Do not use db as it does not do what you expect. It combines 2 values and places them in one 14 bit word.
So, db 0xff,0x45 gets assembled to a single word containing 0x3f45 !!!

Yes, I just discovered the behaviour of db Oops.

Thanks for the hints!

Edit: I assume I need to finish the code with a constant value for the table offset defined, then compile it and look to see where the table starts and change the constant value appropriately.

Edit 2: Or, perhaps better, do something like ORG 0xF0 to start the code after the table? Though if the chip defaults to location 0 and there's no way to programmatically change that, this won't work.

ahydra

 

[Pommie]

The flash and EEPROM are seperate areas. To write to the EEPROM use org 0x2100.
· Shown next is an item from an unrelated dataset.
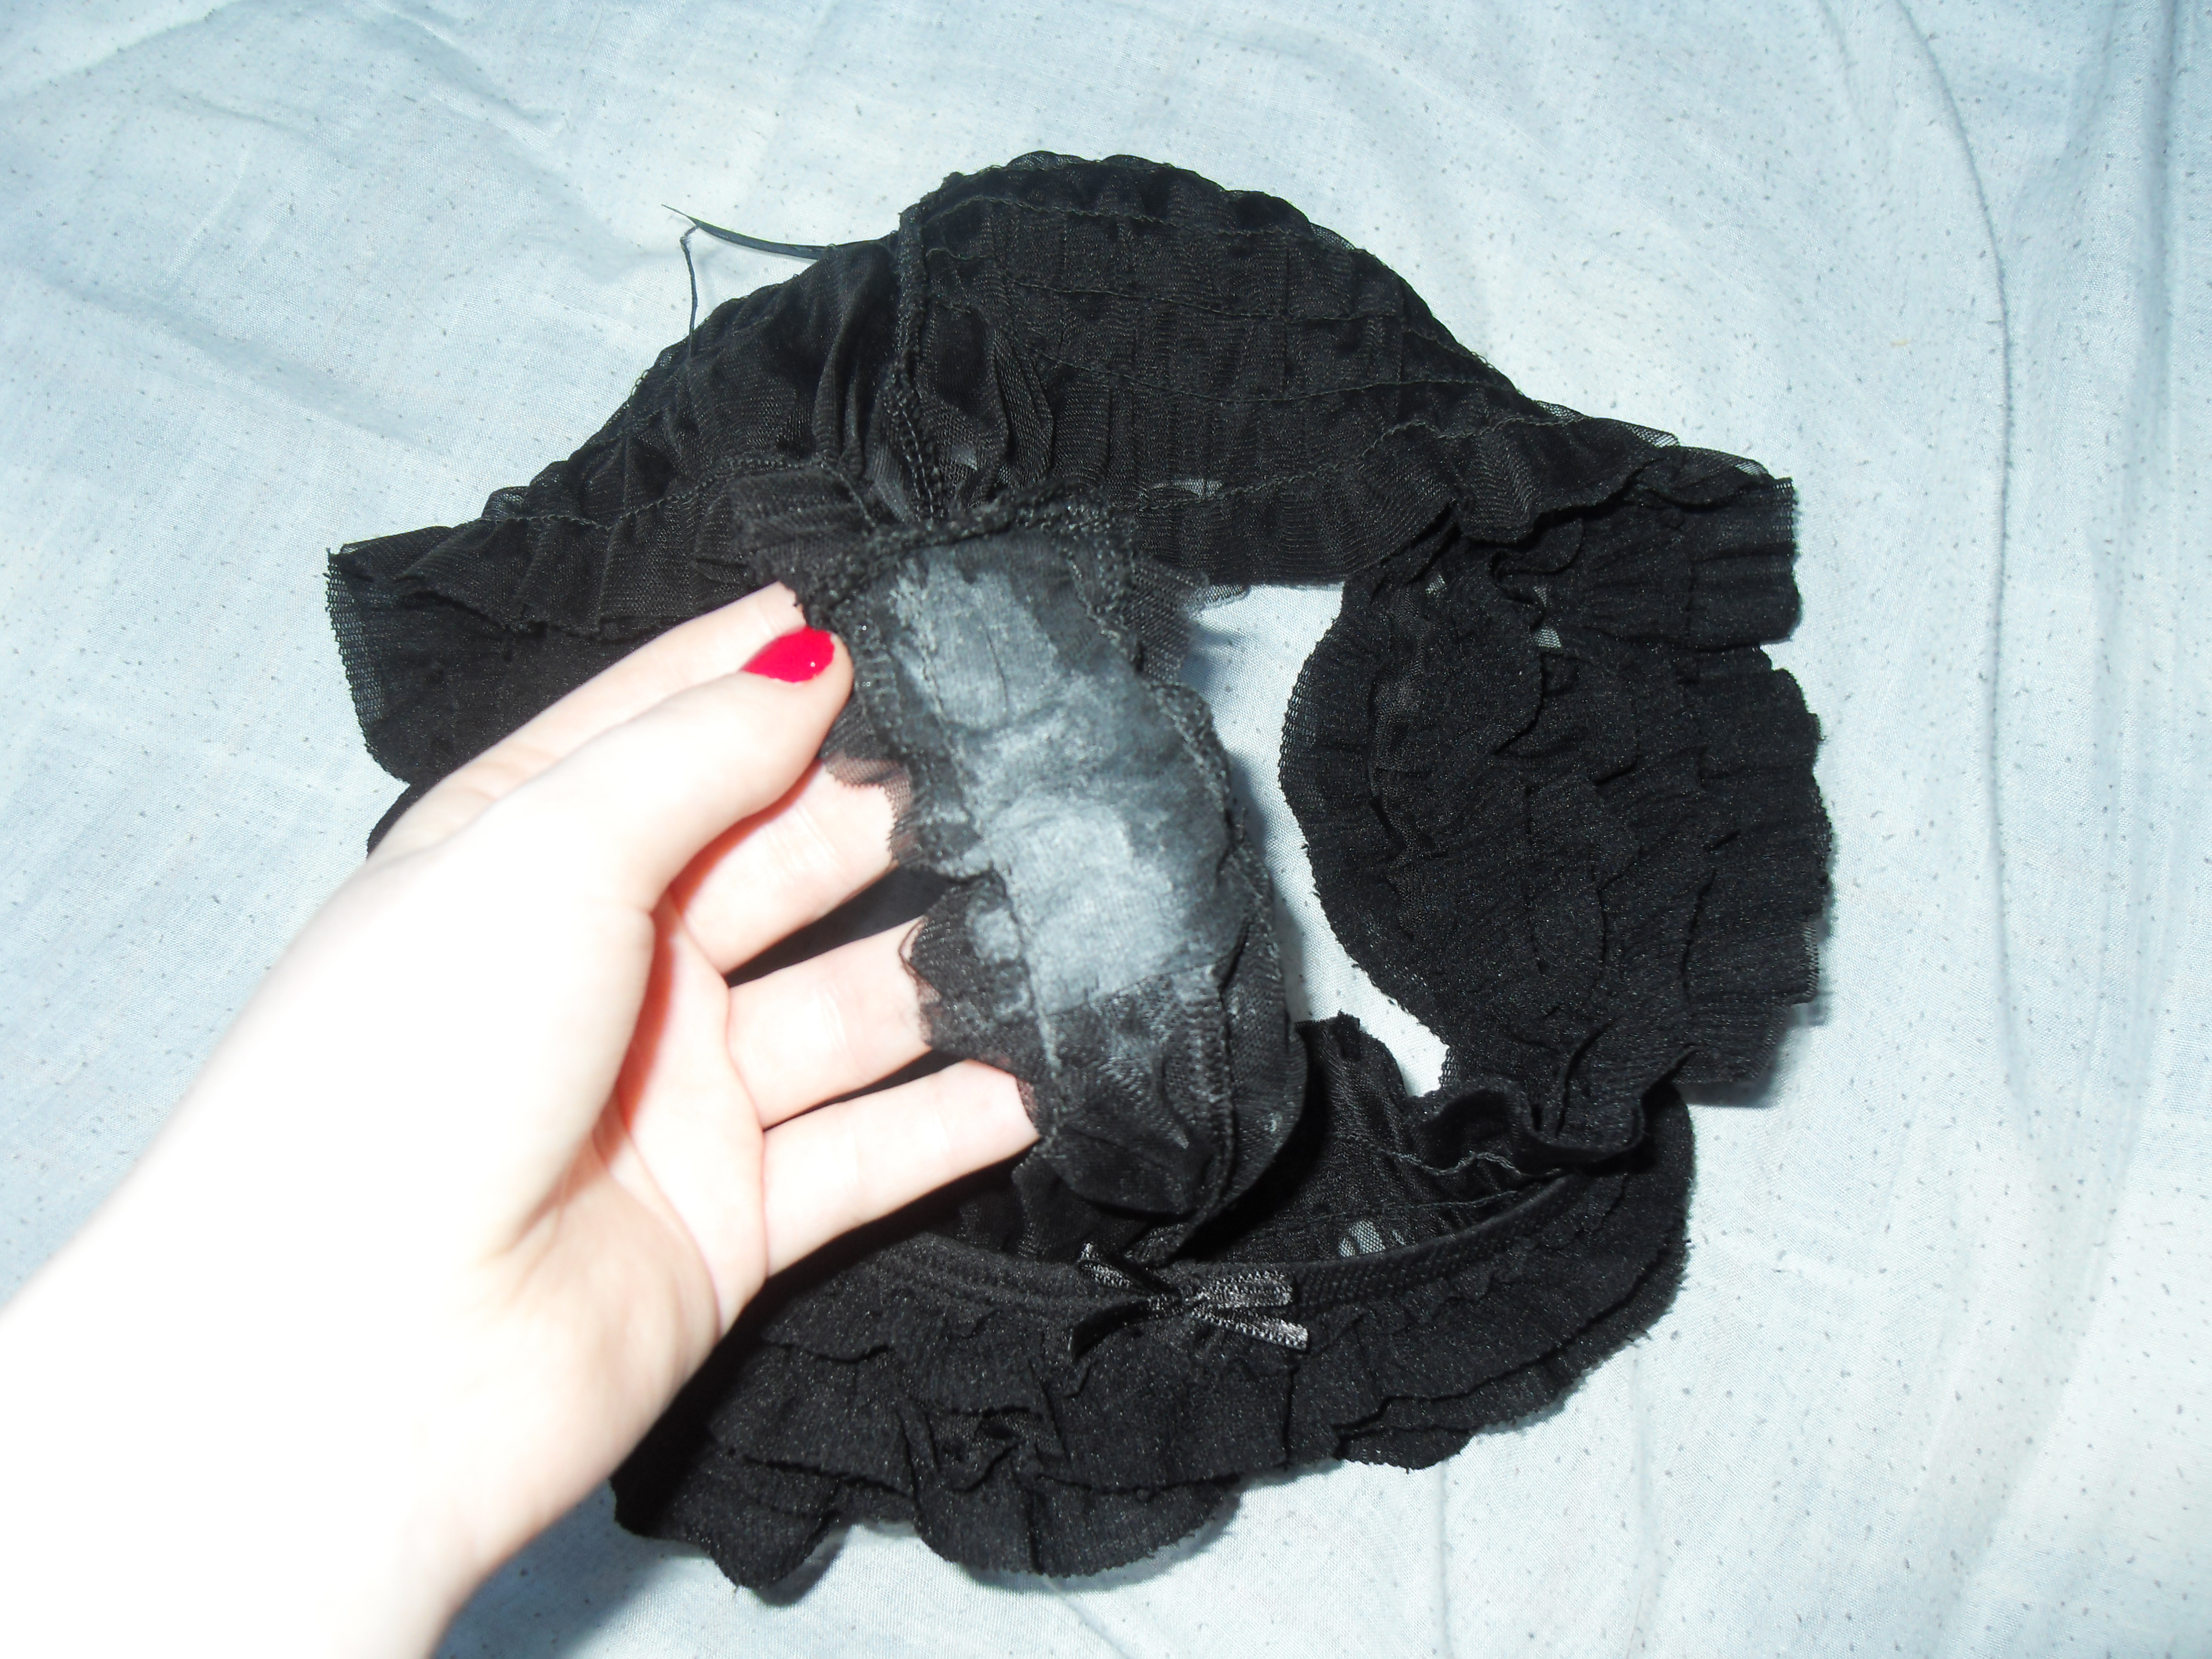 See just how dirty my panties can get!

To access your table you simply give it a label,

CommandTable	dw	'S'		;Set Position
		dw	Ram+XPos,Ram+YPos,Ret
		dw	'P'		;Plot Point
		dw	Ram+XPos,Ram+YPos,Plot
		dw	'U'		;UnPlot Point
		dw	Ram+XPos,Ram+YPos,UnPlot
		dw	'B'		;Box
		dw	Ram+XPos,Ram+YPos,Ram+Width,Ram+Height,Box

And to access it you would do,

		movlw	low CommandTable
		movwf	Pointer
		movlw	high CommandTable
		movwf	Pointer+1
		call	SetEEAdd
FindCommand	call	ReadEEWord

The routines if your interested are,

SetEEAdd	bsf	STATUS,RP1		;#2
		movfw	Pointer
		movwf	EEADR
		movfw	Pointer+1
		movwf	EEADRH
		bcf	STATUS,RP1
		return

ReadEEWord	bsf	STATUS,RP1		;#2
		bsf	STATUS,RP0		;#3
		bsf	EECON1,EEPGD
		bsf	EECON1,RD
		nop
		nop
		bcf	STATUS,RP0		;#2
		movfw	EEDAT
		movwf	Acc
		movfw	EEDATH
		movwf	Acc+1
		incfsz	EEADR,F		;Increment address
		goto	DoneREE
		incf	EEADRH,F
DoneREE		bcf	STATUS,RP1	;#0
		return

Both Pointer and Acc are in the shared area 0x70-0x7f.

Mike.

 

[ahydra]

Right, so

low label

gives you the low-order byte of the address of label, and

high label

gives you the high-order byte. Or at least I hope it does, otherwise things might get fiddly

ahydra

 

[Nigel Goodwin]

You might check my PIC tutorials, particularly the one for 8x8 LED matrix, where I store the character set in tables.